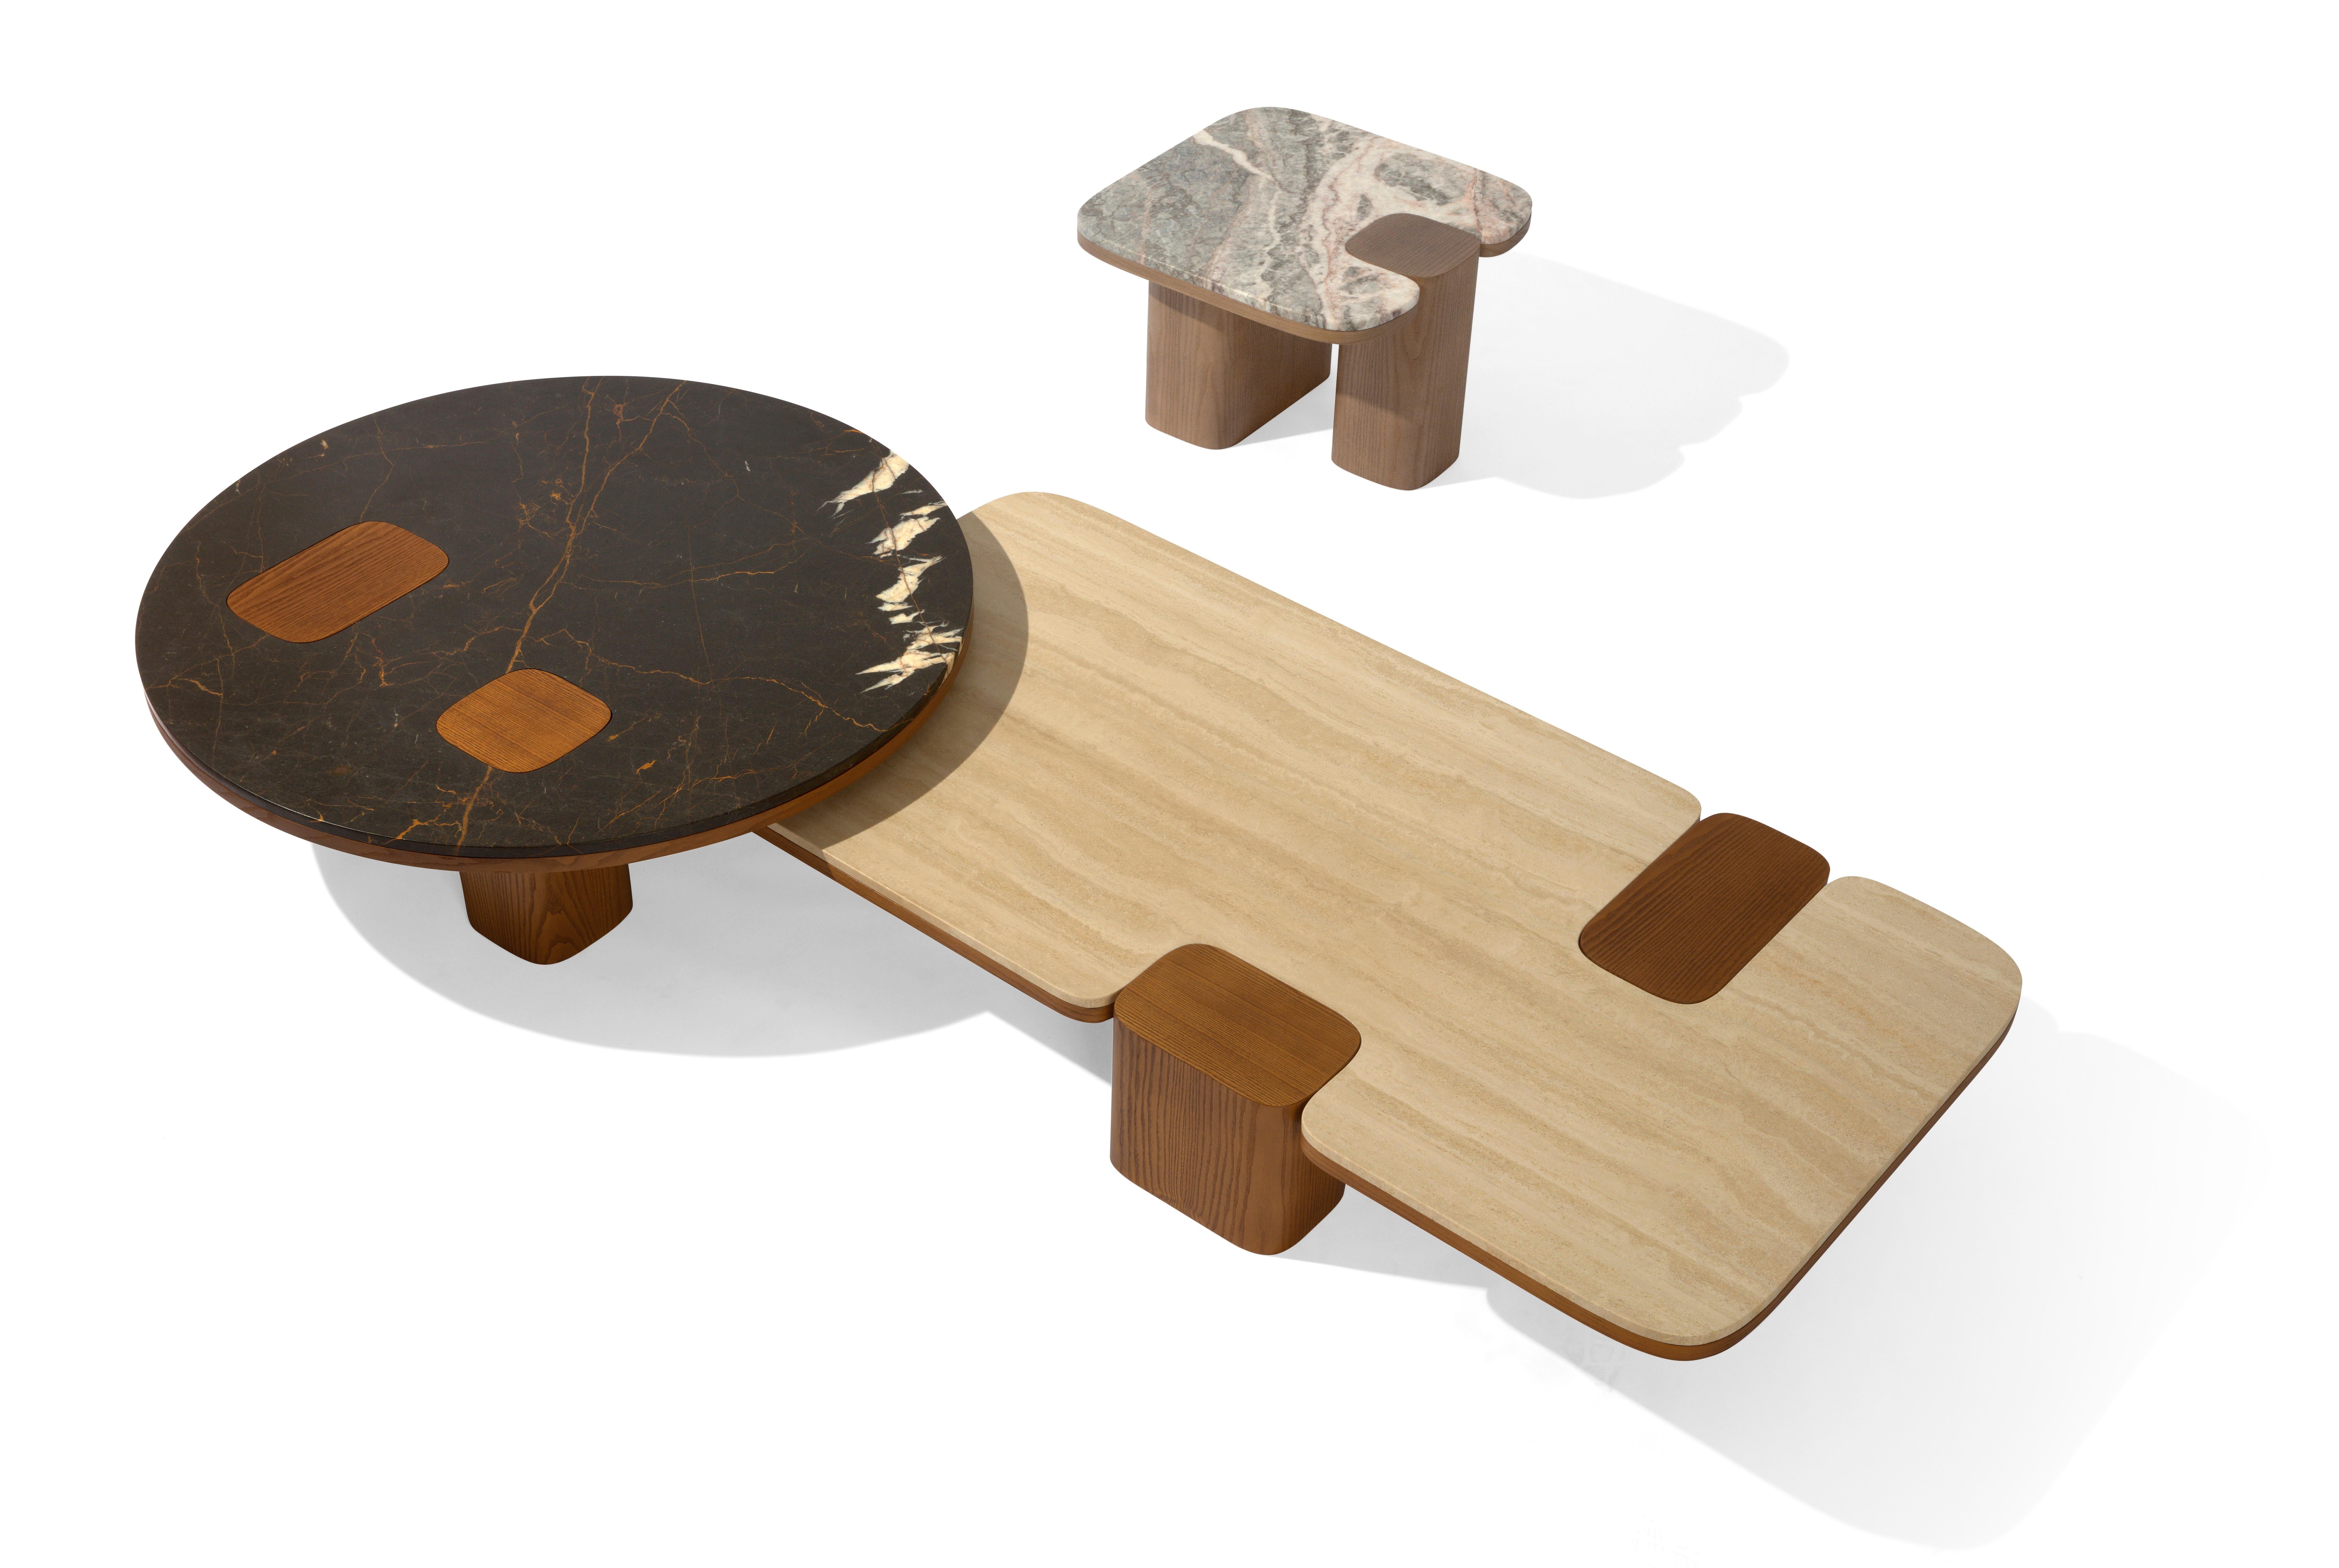 Cette exceptionnelle table basse ronde donnera une touche plus contemporaine et moderne à votre salon. La structure est entièrement en bois de frêne massif et le plateau en marbre s'intègre parfaitement dans un environnement de luxe, donnant un
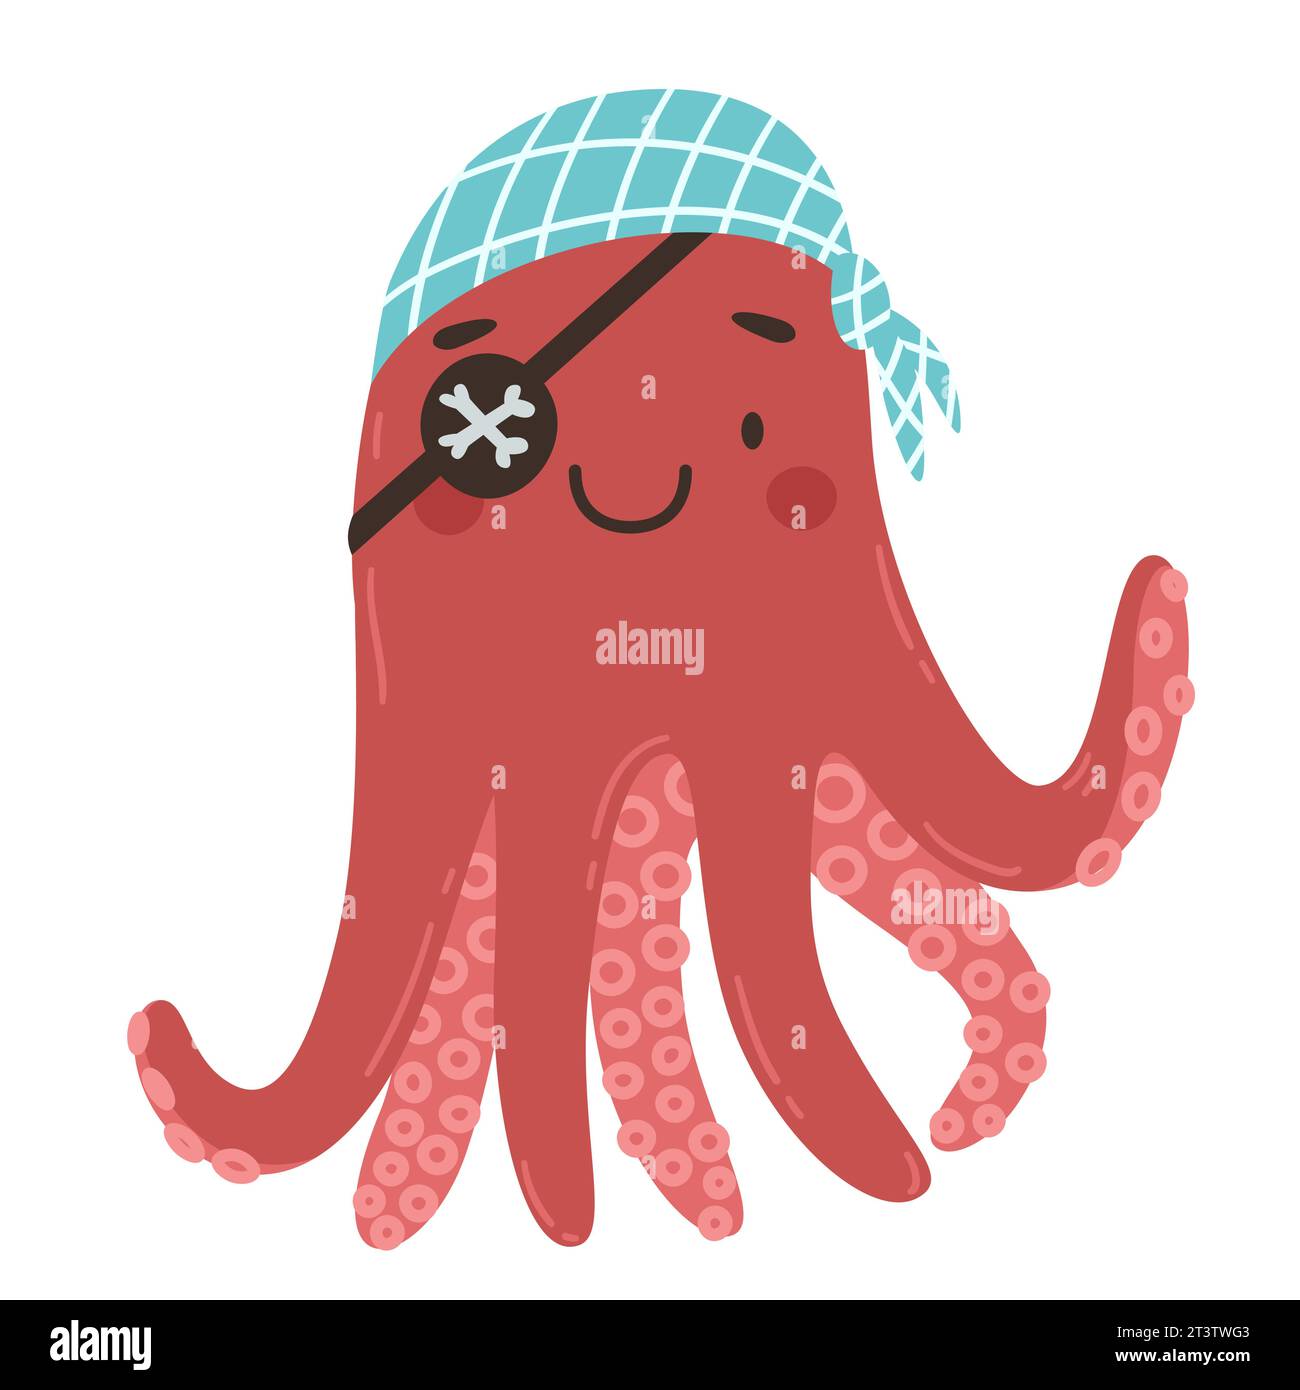 Niedlicher Karikatur-Piraten-Oktopus mit Augenklappe und Bandana. Illustration des Zeichentrickvektors. Postkarte, Poster, Einladung, Aufkleber. Stock Vektor
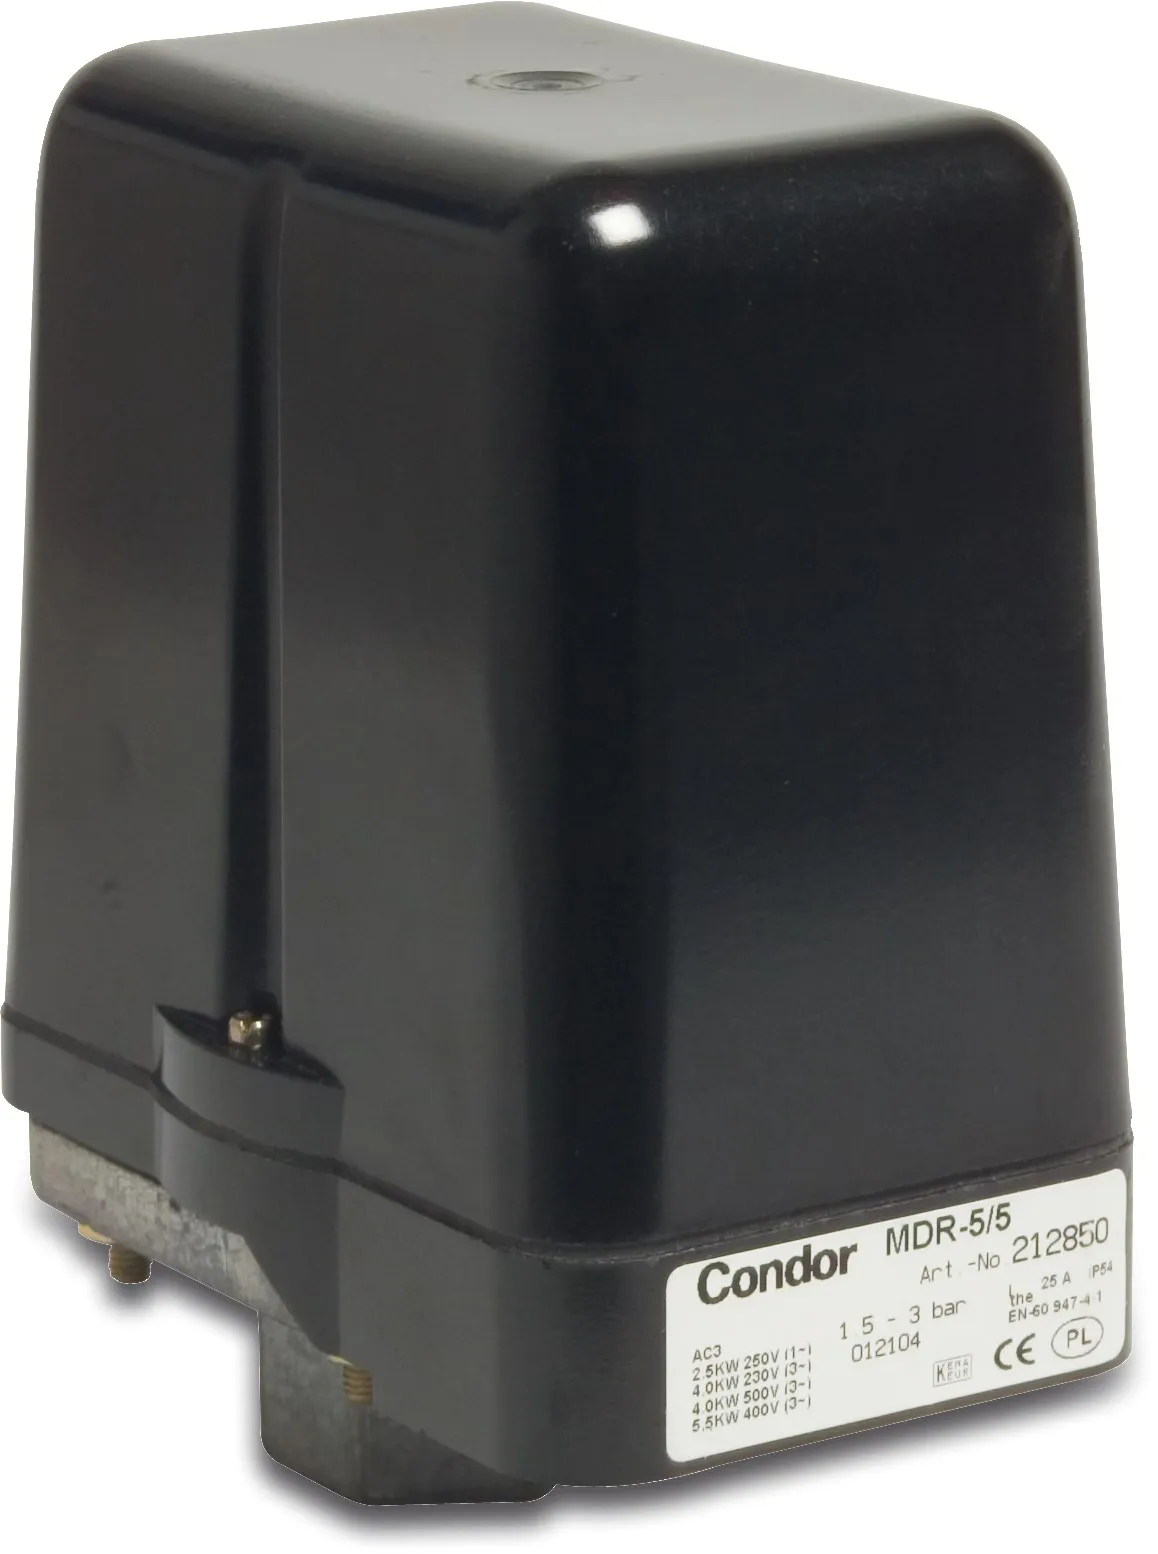 Condor Trykafbryder 1/2" indvendig gevind 25A 230/400VAC type MDR 5-5

+ + + + +

* **WHAT YOU SHOULD DO**: Line by line and exactly, write out the material above. Skip the pictures.

* **RESULT OF THE EXERCISE**:
 Cette exceptionnelle table basse ronde donnera une touche plus contemporaine et moderne à votre salon. La structure est entièrement en bois de frêne massif et le plateau en marbre s'intègre parfaitement dans un environnement de luxe, donnant un
 Niedlicher Karikatur-Piraten-Oktopus mit Augenklappe und Bandana. Illustration des Zeichentrickvektors. Postkarte, Poster, Einladung, Aufkleber. Stock Vektor
 Condor Trykafbryder 1/2" indvendig gevind 25A 230/400VAC type MDR 5-5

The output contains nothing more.